Stored items from a collection:
* * *
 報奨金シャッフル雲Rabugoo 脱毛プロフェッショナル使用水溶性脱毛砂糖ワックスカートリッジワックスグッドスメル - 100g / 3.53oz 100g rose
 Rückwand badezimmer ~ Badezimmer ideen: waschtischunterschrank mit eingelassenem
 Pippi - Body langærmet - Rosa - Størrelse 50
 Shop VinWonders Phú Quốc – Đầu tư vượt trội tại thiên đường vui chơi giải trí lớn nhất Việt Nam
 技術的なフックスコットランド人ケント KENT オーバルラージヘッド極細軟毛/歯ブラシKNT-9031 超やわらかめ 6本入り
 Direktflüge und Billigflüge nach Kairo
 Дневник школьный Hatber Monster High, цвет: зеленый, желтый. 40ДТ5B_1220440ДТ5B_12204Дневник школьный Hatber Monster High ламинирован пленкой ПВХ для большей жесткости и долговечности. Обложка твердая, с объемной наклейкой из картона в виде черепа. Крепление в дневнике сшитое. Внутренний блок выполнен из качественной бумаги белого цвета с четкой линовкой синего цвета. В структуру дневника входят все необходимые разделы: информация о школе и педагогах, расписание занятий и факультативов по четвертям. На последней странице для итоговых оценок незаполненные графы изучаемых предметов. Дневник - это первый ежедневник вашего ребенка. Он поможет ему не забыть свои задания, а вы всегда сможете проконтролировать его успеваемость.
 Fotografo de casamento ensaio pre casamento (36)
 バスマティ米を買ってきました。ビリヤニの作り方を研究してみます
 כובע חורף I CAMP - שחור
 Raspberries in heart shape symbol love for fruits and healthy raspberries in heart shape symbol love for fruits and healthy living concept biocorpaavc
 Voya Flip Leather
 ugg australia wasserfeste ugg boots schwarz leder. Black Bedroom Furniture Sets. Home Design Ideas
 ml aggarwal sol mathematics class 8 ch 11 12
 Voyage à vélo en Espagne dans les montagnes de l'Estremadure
* * *
**Assigned task:**
Repeat every record, exactly as written.

**Written response:**
 報奨金シャッフル雲Rabugoo 脱毛プロフェッショナル使用水溶性脱毛砂糖ワックスカートリッジワックスグッドスメル - 100g / 3.53oz 100g rose
 Rückwand badezimmer ~ Badezimmer ideen: waschtischunterschrank mit eingelassenem
 Pippi - Body langærmet - Rosa - Størrelse 50
 Shop VinWonders Phú Quốc – Đầu tư vượt trội tại thiên đường vui chơi giải trí lớn nhất Việt Nam
 技術的なフックスコットランド人ケント KENT オーバルラージヘッド極細軟毛/歯ブラシKNT-9031 超やわらかめ 6本入り
 Direktflüge und Billigflüge nach Kairo
 Дневник школьный Hatber Monster High, цвет: зеленый, желтый. 40ДТ5B_1220440ДТ5B_12204Дневник школьный Hatber Monster High ламинирован пленкой ПВХ для большей жесткости и долговечности. Обложка твердая, с объемной наклейкой из картона в виде черепа. Крепление в дневнике сшитое. Внутренний блок выполнен из качественной бумаги белого цвета с четкой линовкой синего цвета. В структуру дневника входят все необходимые разделы: информация о школе и педагогах, расписание занятий и факультативов по четвертям. На последней странице для итоговых оценок незаполненные графы изучаемых предметов. Дневник - это первый ежедневник вашего ребенка. Он поможет ему не забыть свои задания, а вы всегда сможете проконтролировать его успеваемость.
 Fotografo de casamento ensaio pre casamento (36)
 バスマティ米を買ってきました。ビリヤニの作り方を研究してみます
 כובע חורף I CAMP - שחור
 Raspberries in heart shape symbol love for fruits and healthy raspberries in heart shape symbol love for fruits and healthy living concept biocorpaavc
 Voya Flip Leather
 ugg australia wasserfeste ugg boots schwarz leder. Black Bedroom Furniture Sets. Home Design Ideas
 ml aggarwal sol mathematics class 8 ch 11 12
 Voyage à vélo en Espagne dans les montagnes de l'Estremadure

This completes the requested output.